Write out the listing from the line with "Dominoes War Game" to the line with "Buggies doing tourist", both lines included, exactly and nothing beyond. Leave pictures out.

Records to use:
--- START ---
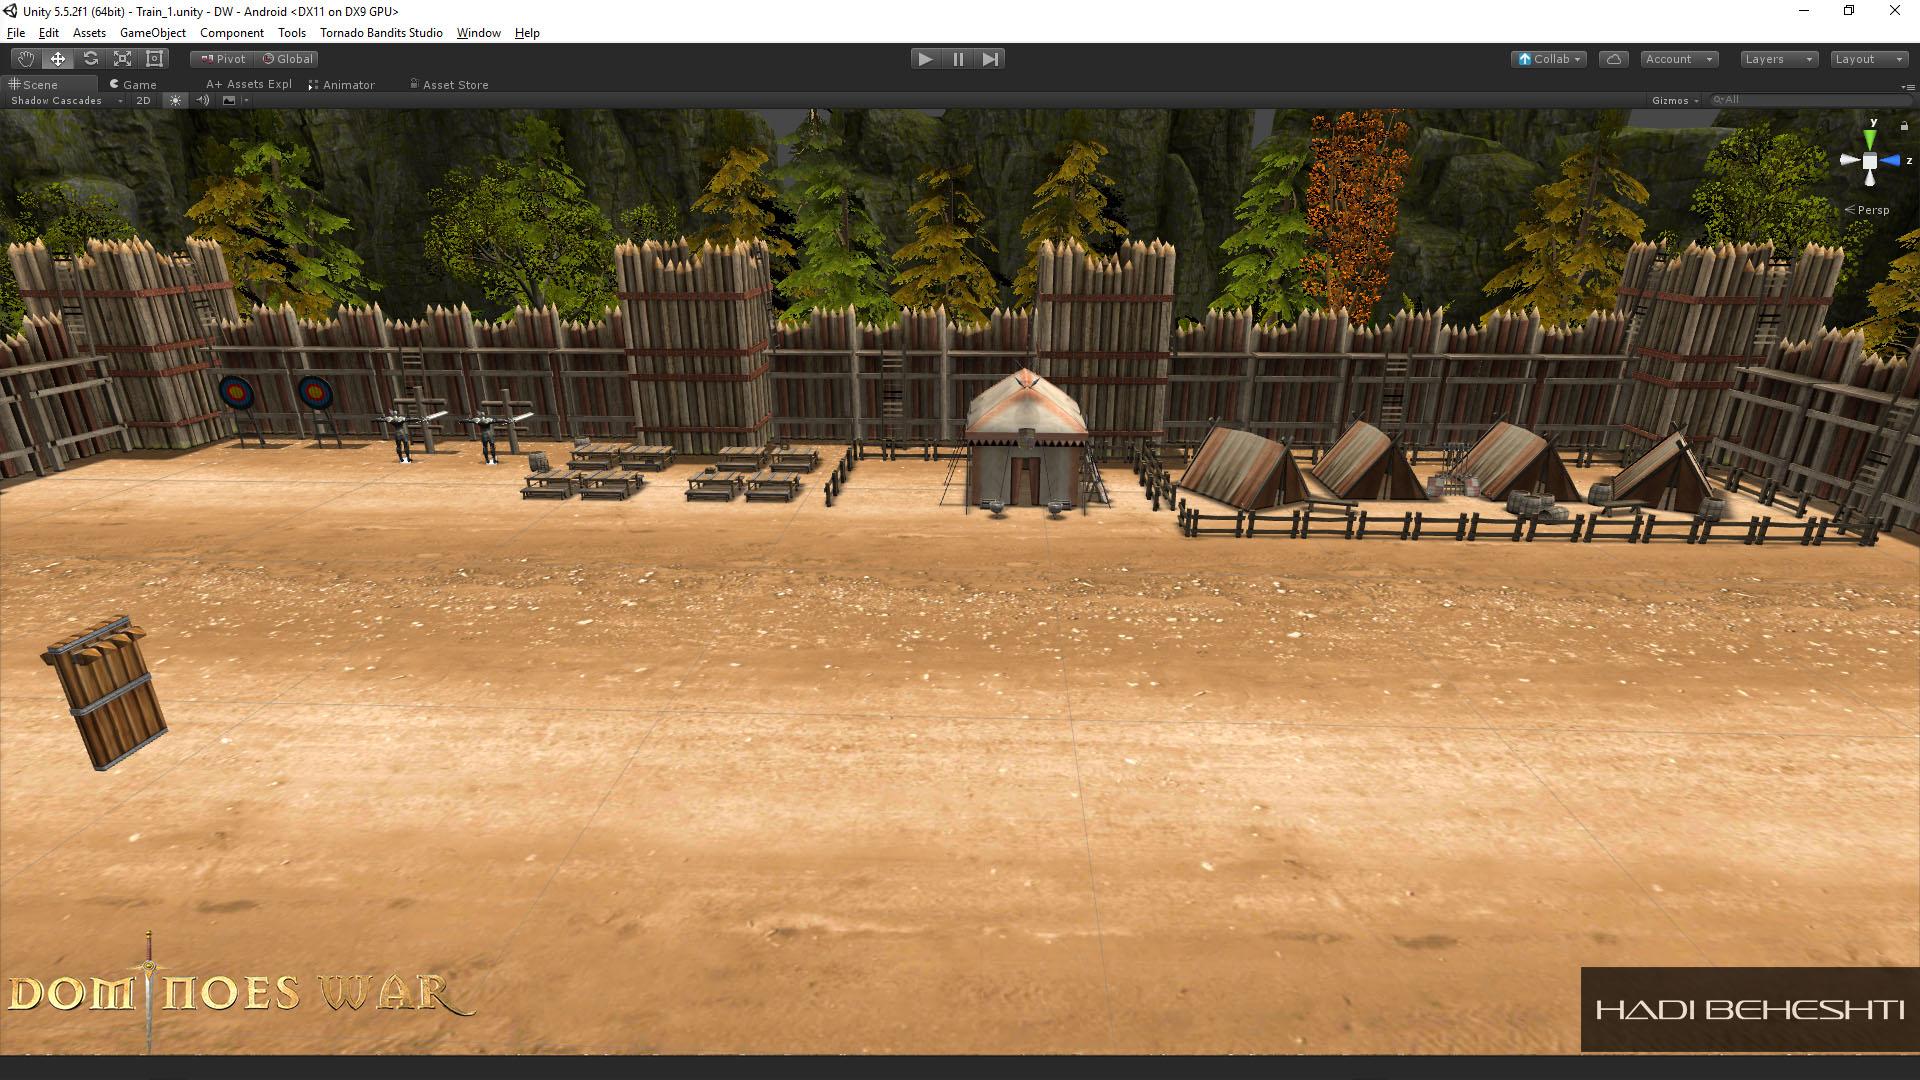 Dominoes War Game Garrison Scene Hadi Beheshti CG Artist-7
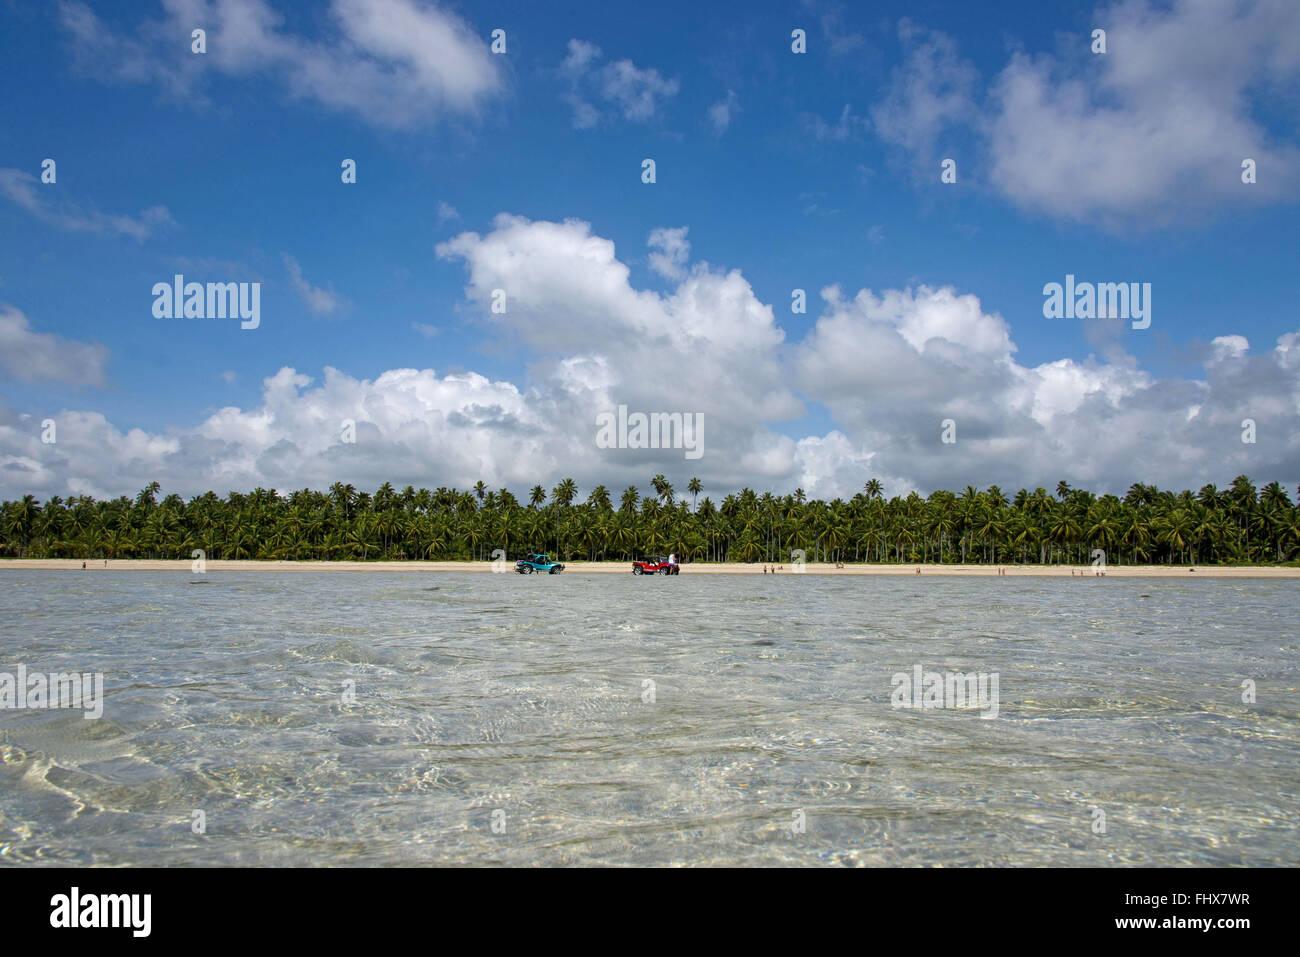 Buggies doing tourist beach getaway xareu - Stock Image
--- END ---
--- START ---
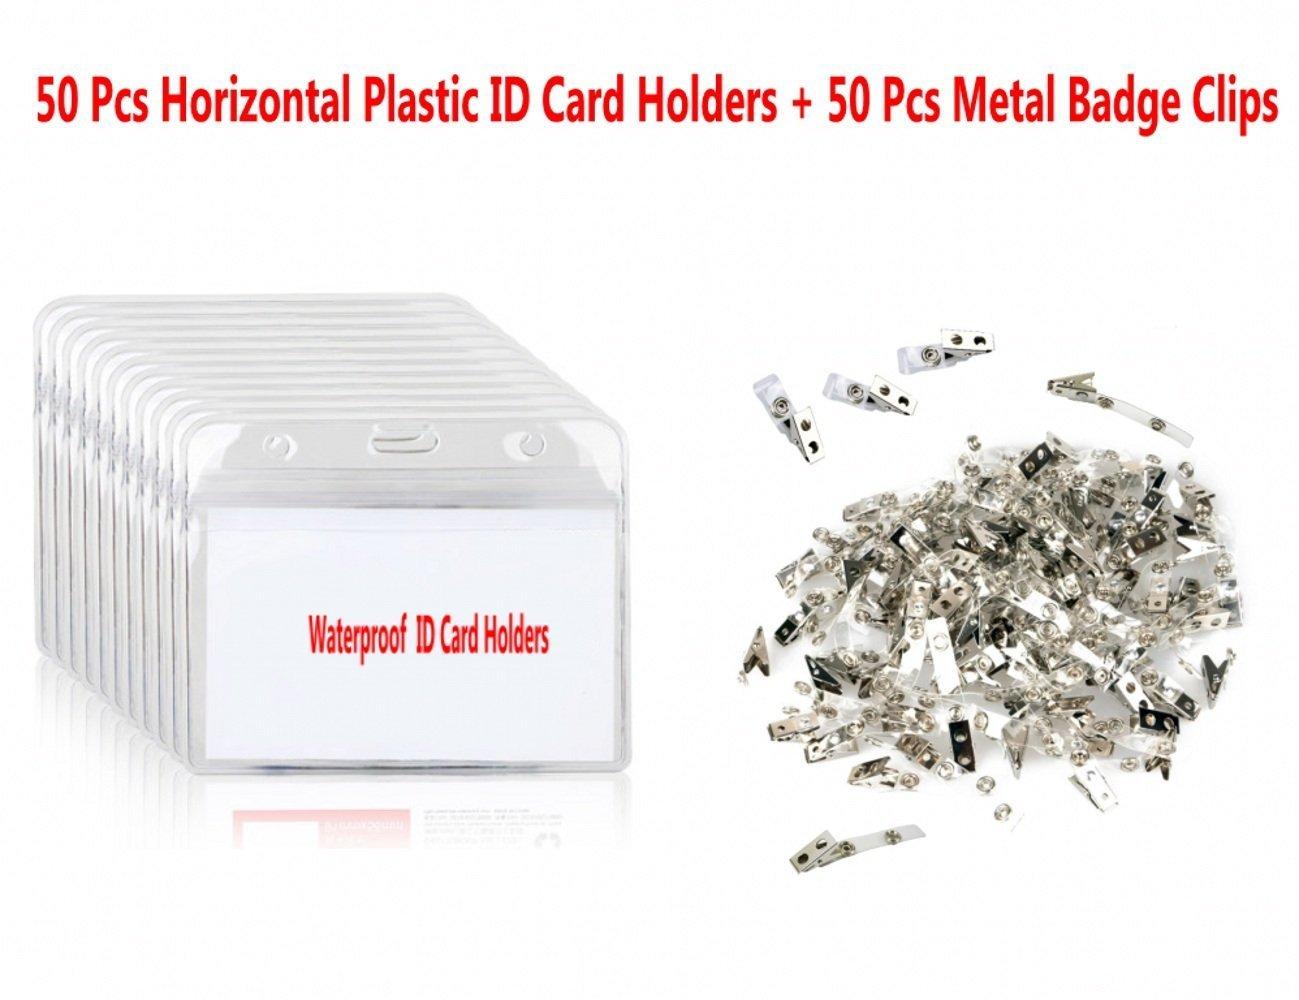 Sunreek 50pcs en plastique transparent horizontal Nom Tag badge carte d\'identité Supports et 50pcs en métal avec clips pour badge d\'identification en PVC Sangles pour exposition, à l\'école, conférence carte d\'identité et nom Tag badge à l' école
--- END ---
--- START ---
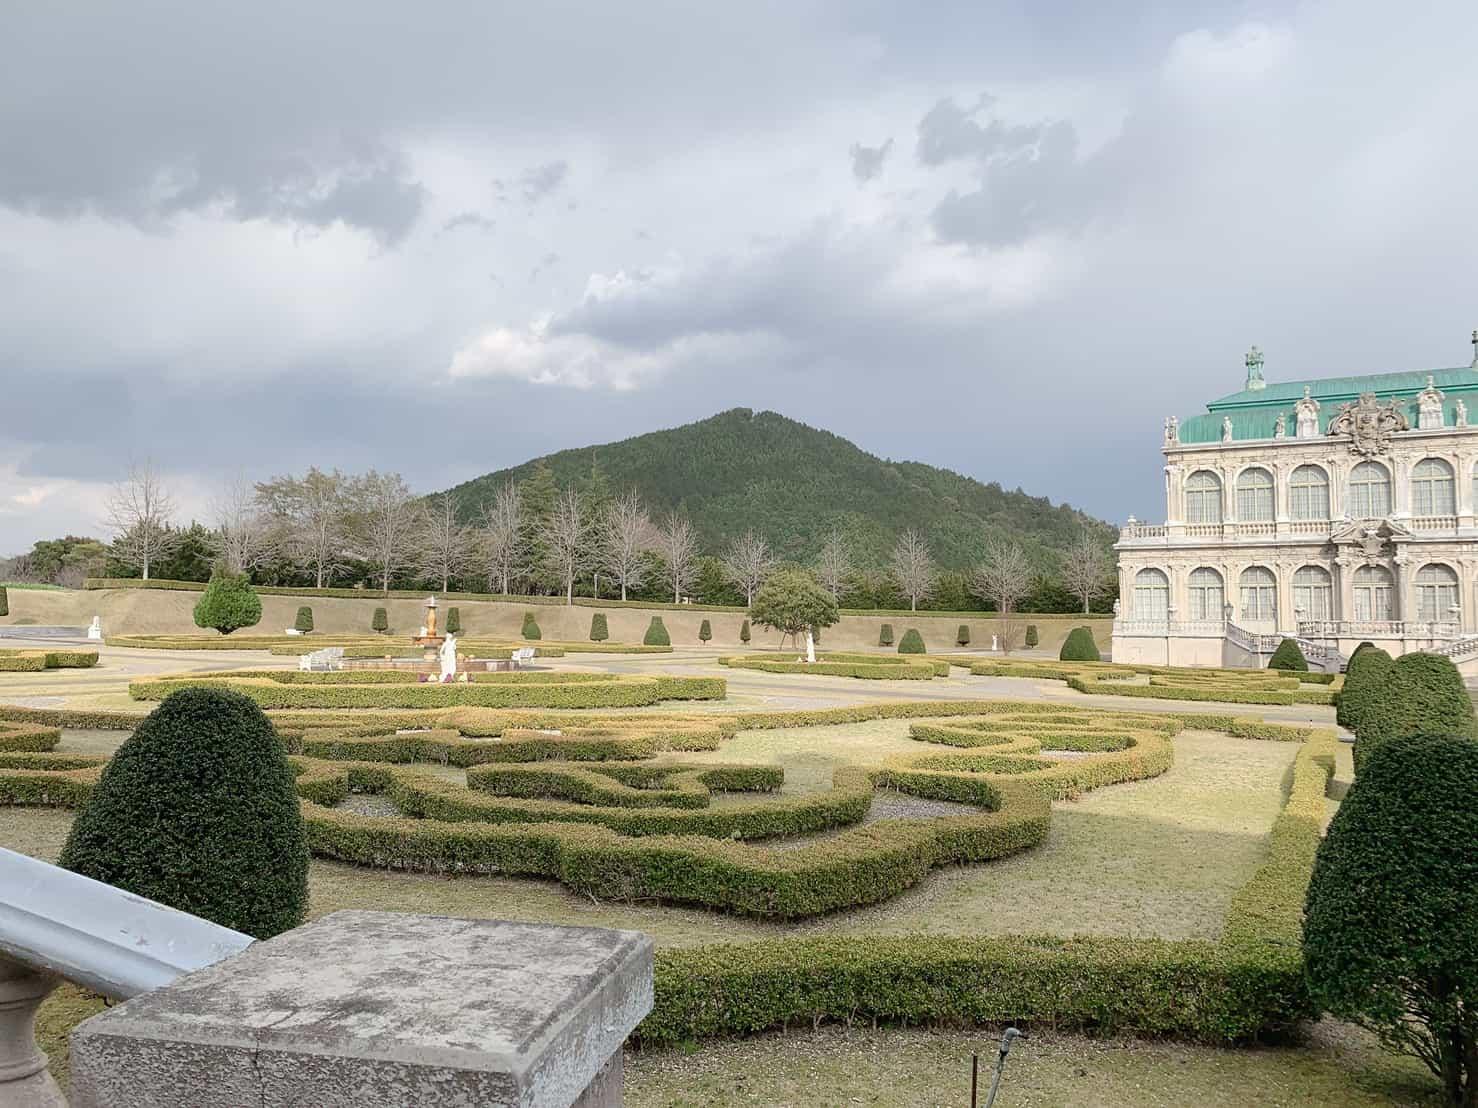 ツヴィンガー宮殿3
--- END ---
Output of the exercise:
 Dominoes War Game Garrison Scene Hadi Beheshti CG Artist-7
 Buggies doing tourist beach getaway xareu - Stock Image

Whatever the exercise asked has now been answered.